··· Source material ···
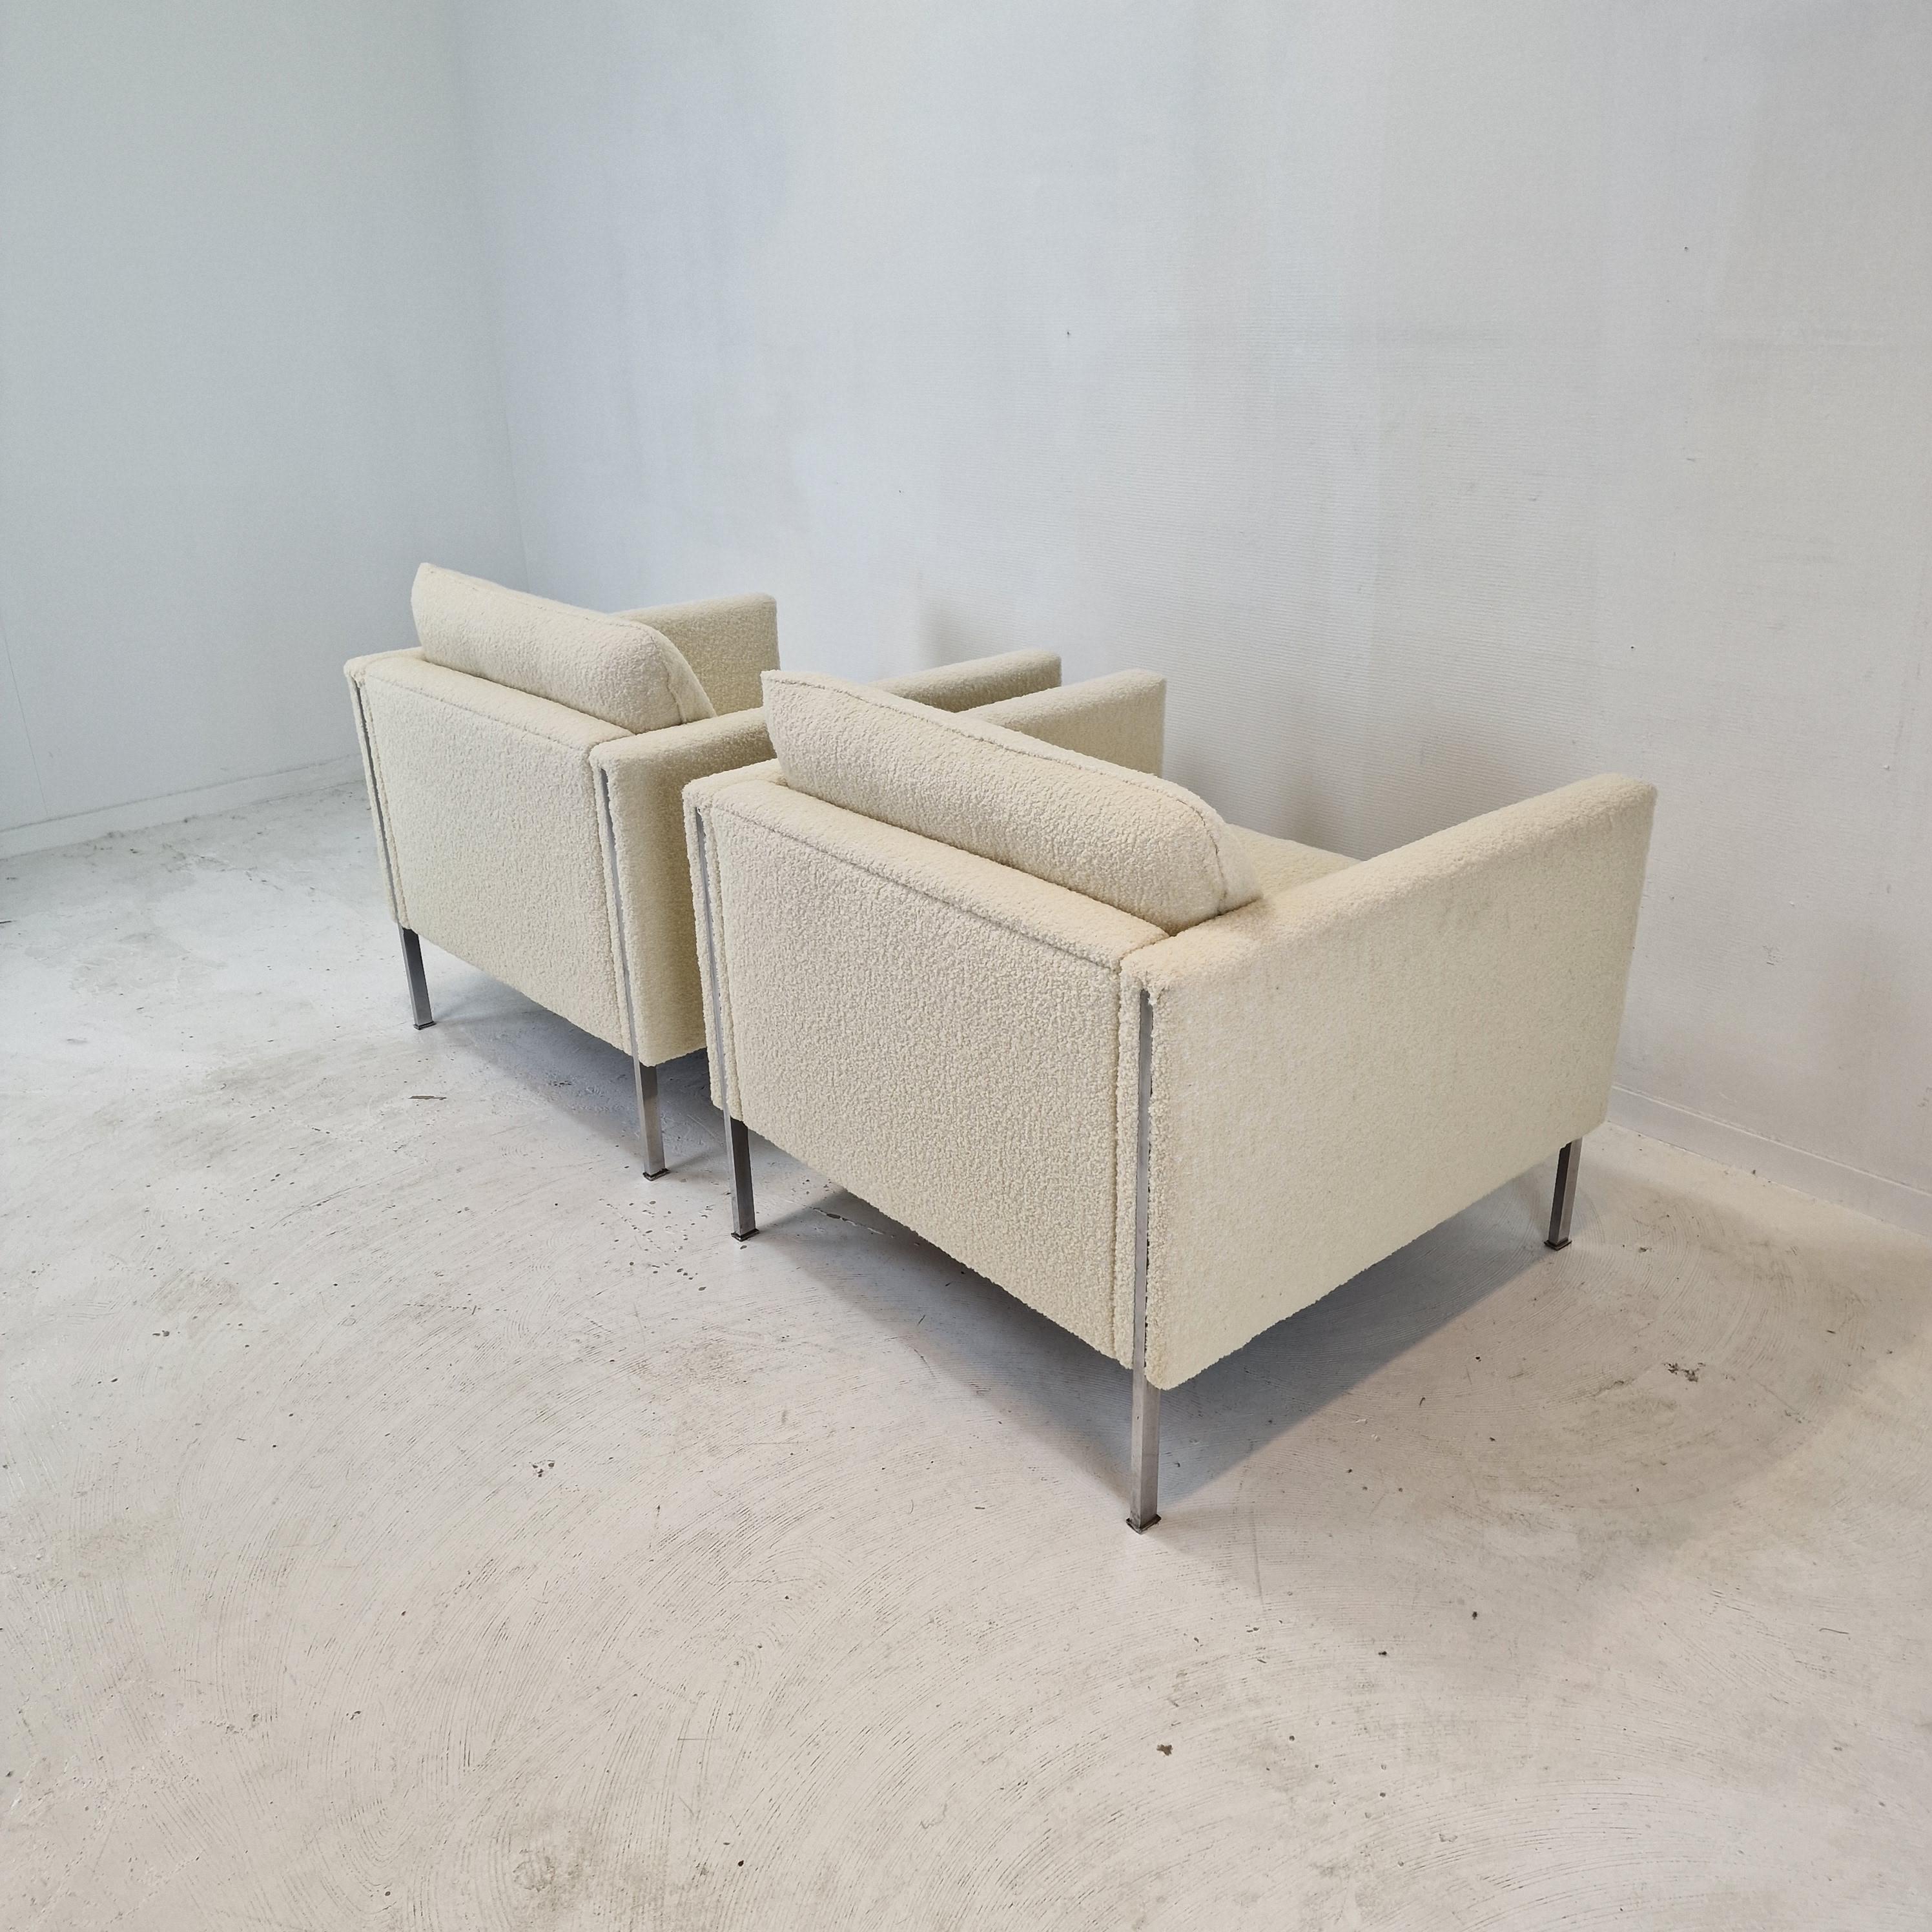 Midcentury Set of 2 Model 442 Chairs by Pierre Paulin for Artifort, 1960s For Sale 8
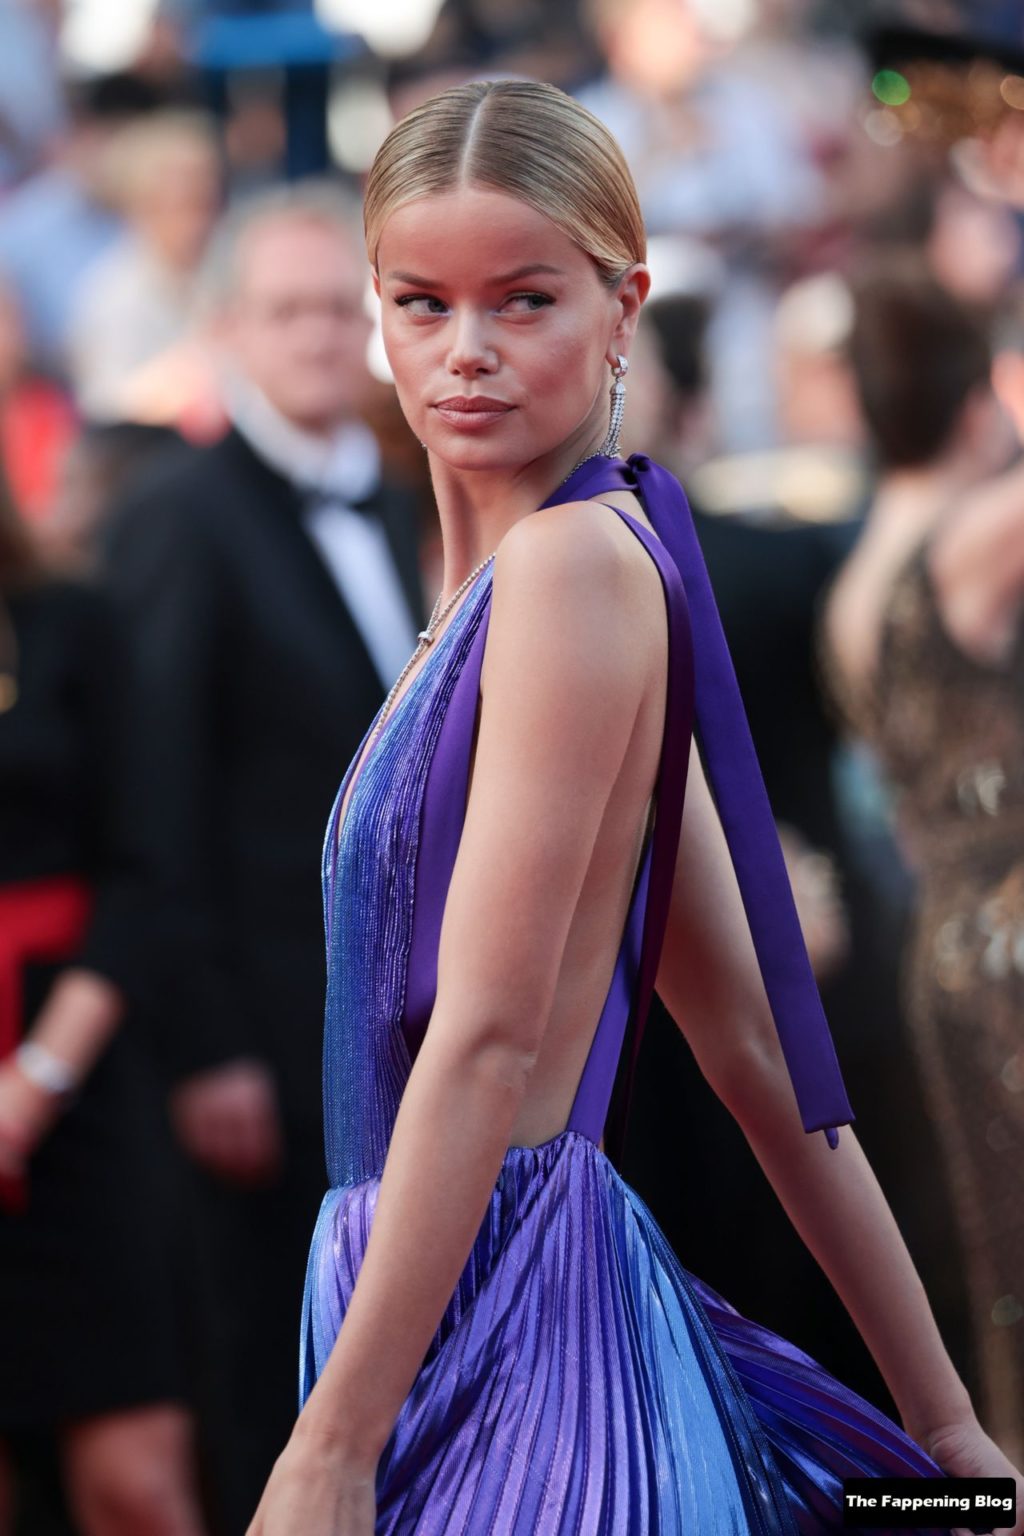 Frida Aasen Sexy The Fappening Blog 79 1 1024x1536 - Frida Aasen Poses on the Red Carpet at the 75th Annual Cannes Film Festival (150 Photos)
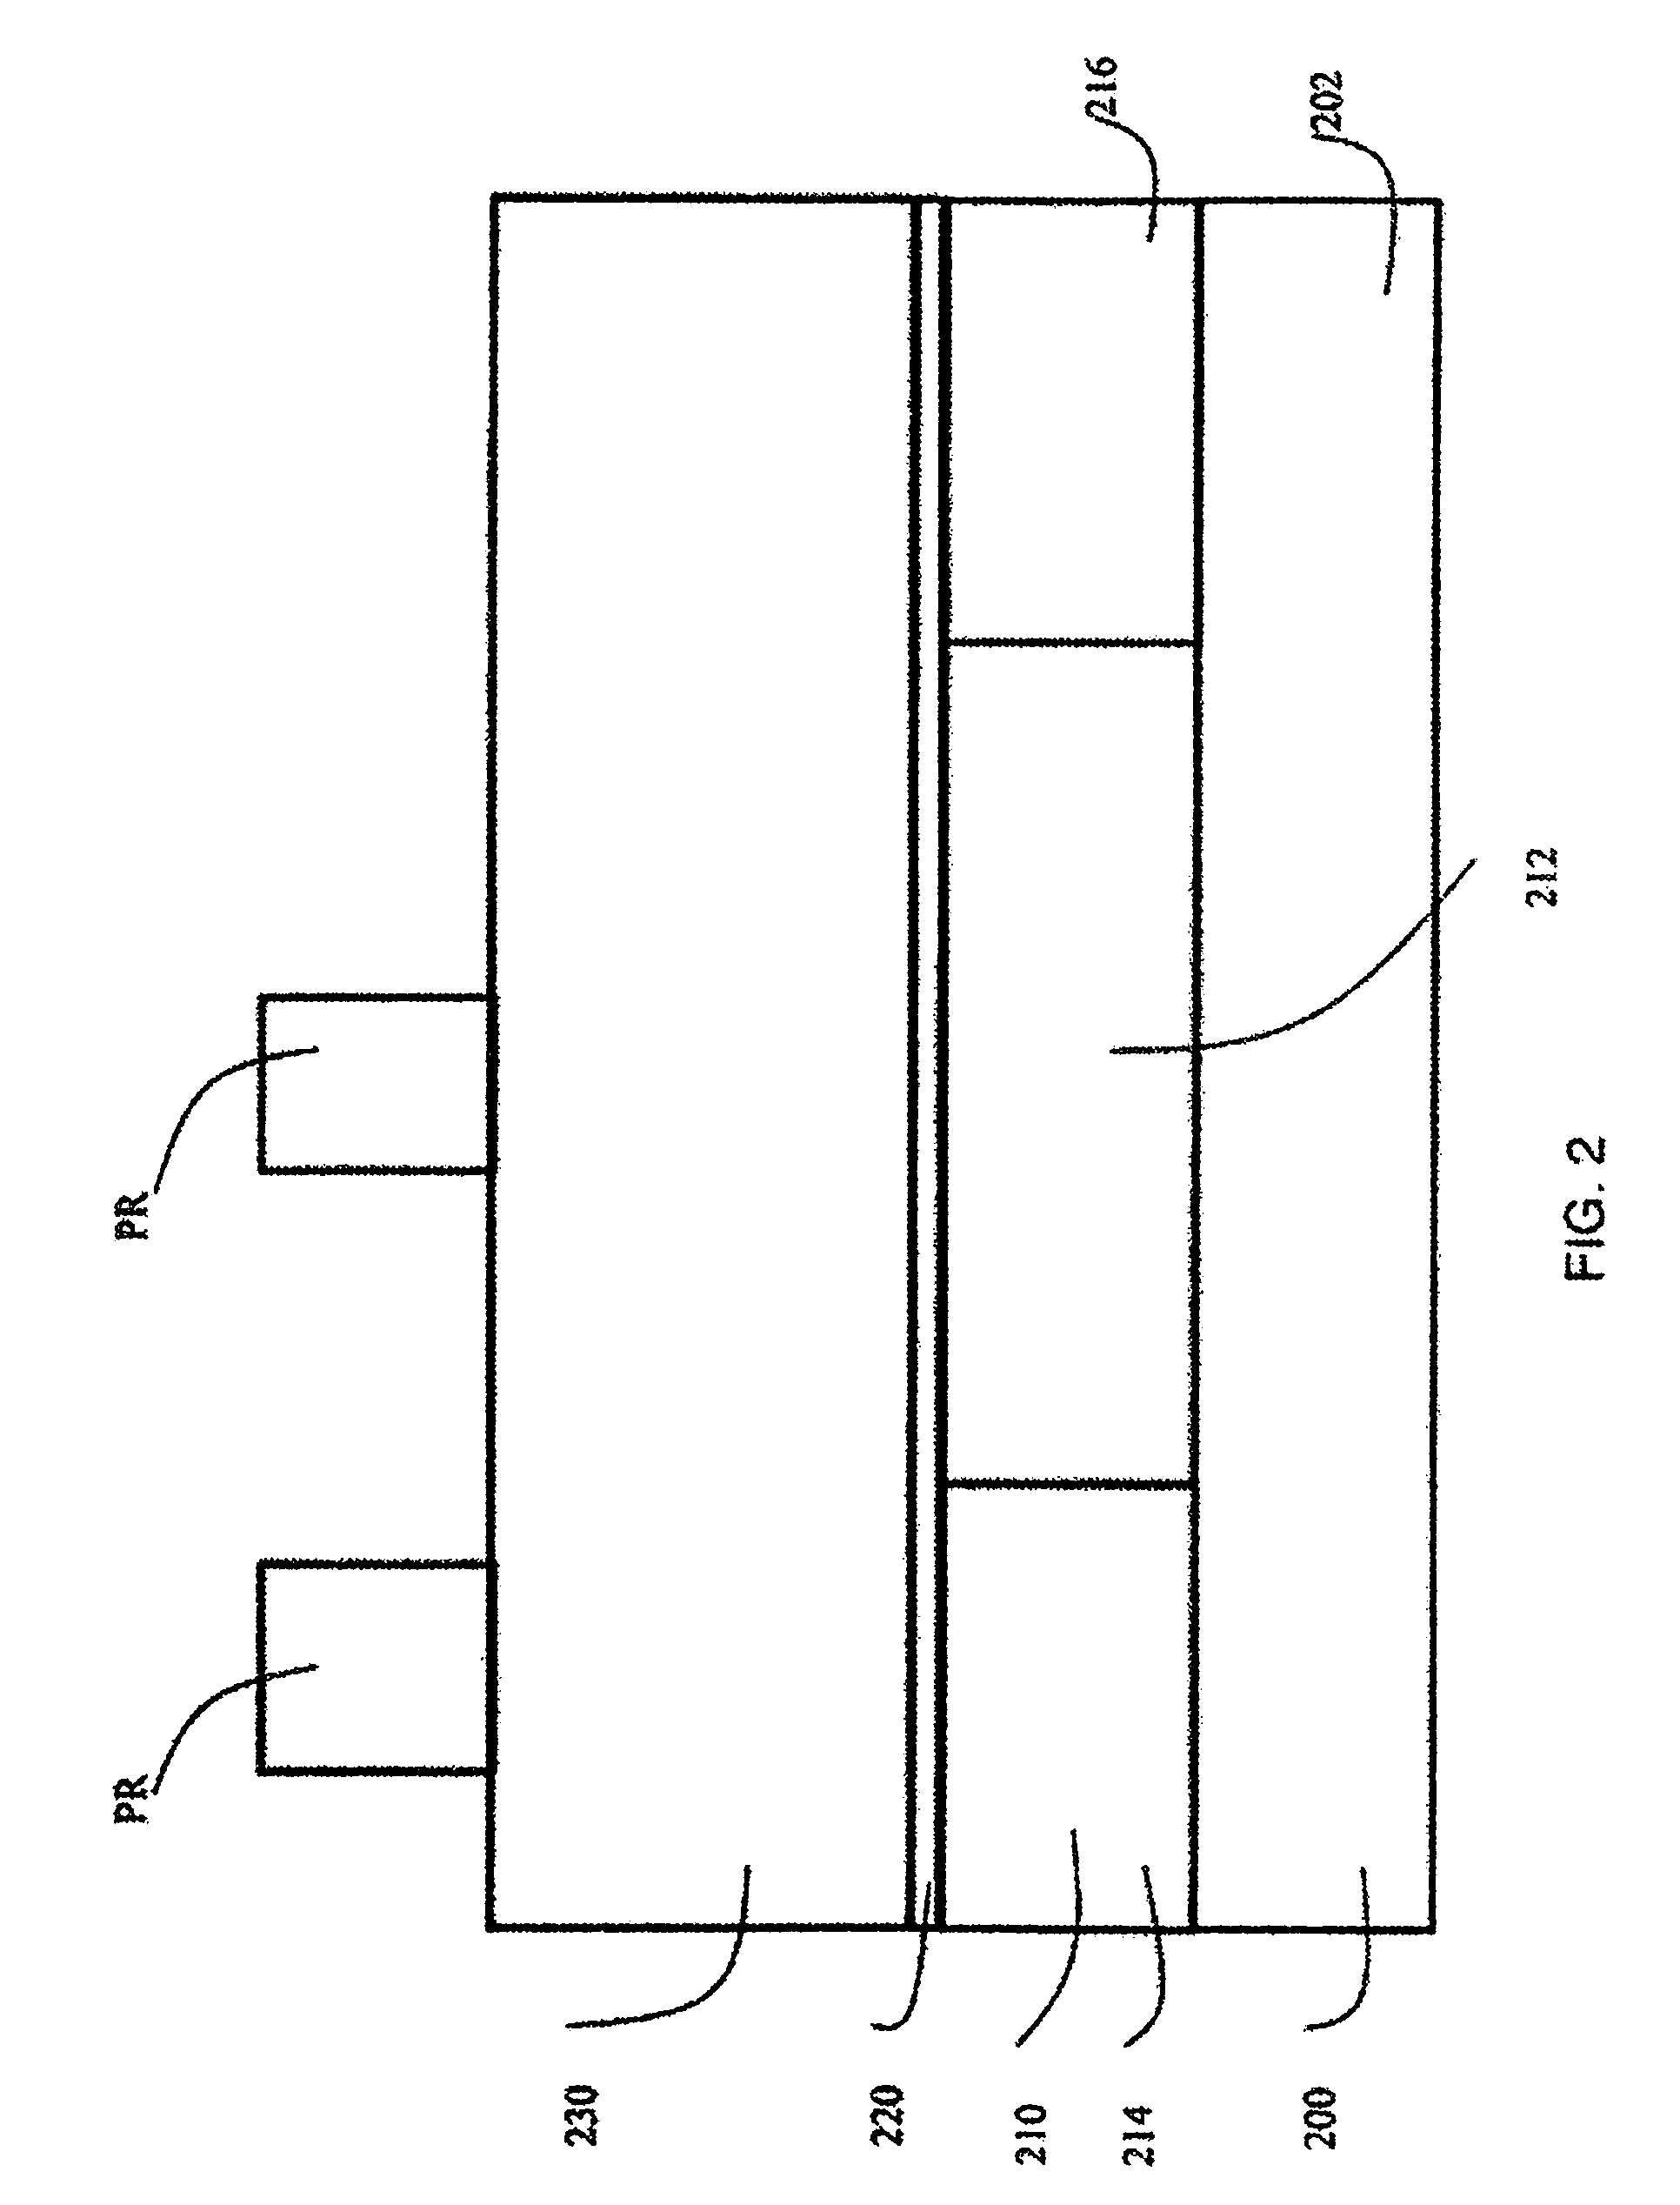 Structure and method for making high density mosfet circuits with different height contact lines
···
### Goal of the exercise
Reproduce every line of the material precisely, omitting its pictures.

### Answer to this task
 Midcentury Set of 2 Model 442 Chairs by Pierre Paulin for Artifort, 1960s For Sale 8
 Frida Aasen Sexy The Fappening Blog 79 1 1024x1536 - Frida Aasen Poses on the Red Carpet at the 75th Annual Cannes Film Festival (150 Photos)
 Structure and method for making high density mosfet circuits with different height contact lines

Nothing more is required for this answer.